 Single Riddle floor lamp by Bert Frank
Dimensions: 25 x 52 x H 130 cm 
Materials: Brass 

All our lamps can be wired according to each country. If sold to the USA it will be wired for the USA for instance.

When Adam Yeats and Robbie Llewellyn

■ ■ ■ ■ ■ ■ ■

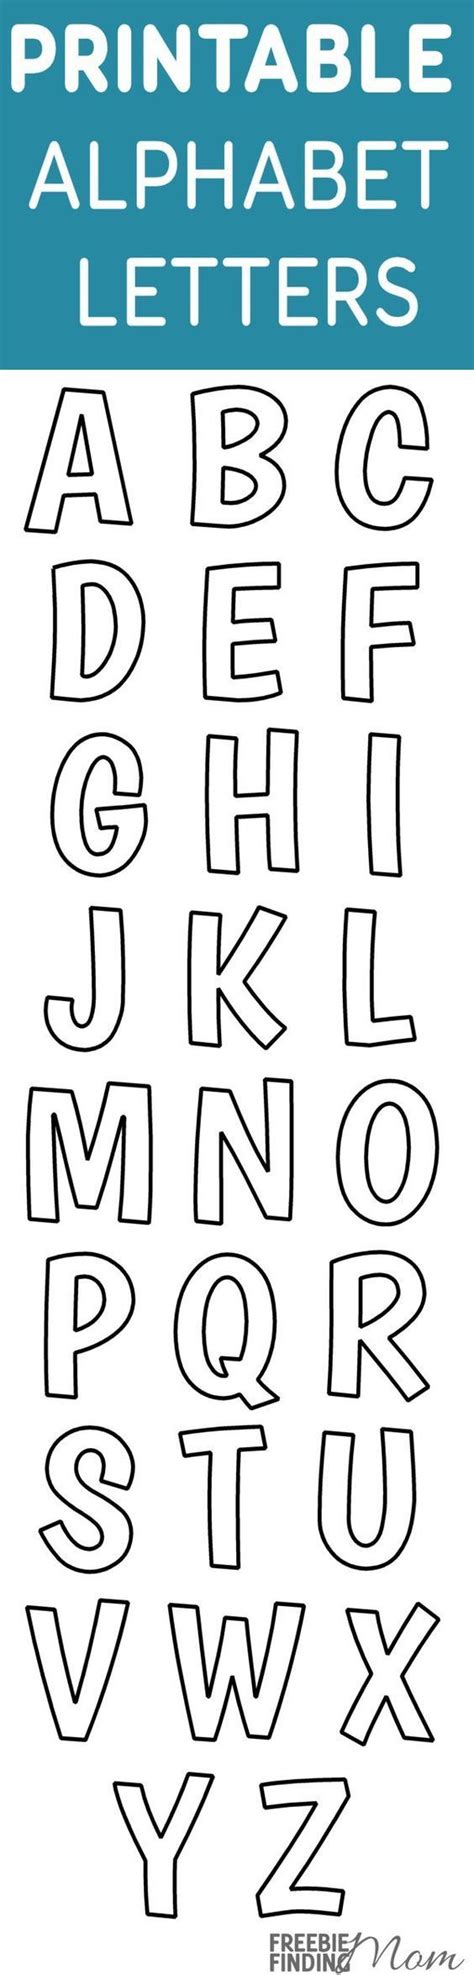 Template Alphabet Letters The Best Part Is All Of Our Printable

■ ■ ■ ■ ■ ■ ■

Reproduce the lines of the entries above from the one with "Single Riddle floor lamp by Bert Frank" to the one with "When Adam Yeats and Robbie Llewellyn", both included, exactly and without any other line.

 Single Riddle floor lamp by Bert Frank
Dimensions: 25 x 52 x H 130 cm 
Materials: Brass 

All our lamps can be wired according to each country. If sold to the USA it will be wired for the USA for instance.

When Adam Yeats and Robbie Llewellyn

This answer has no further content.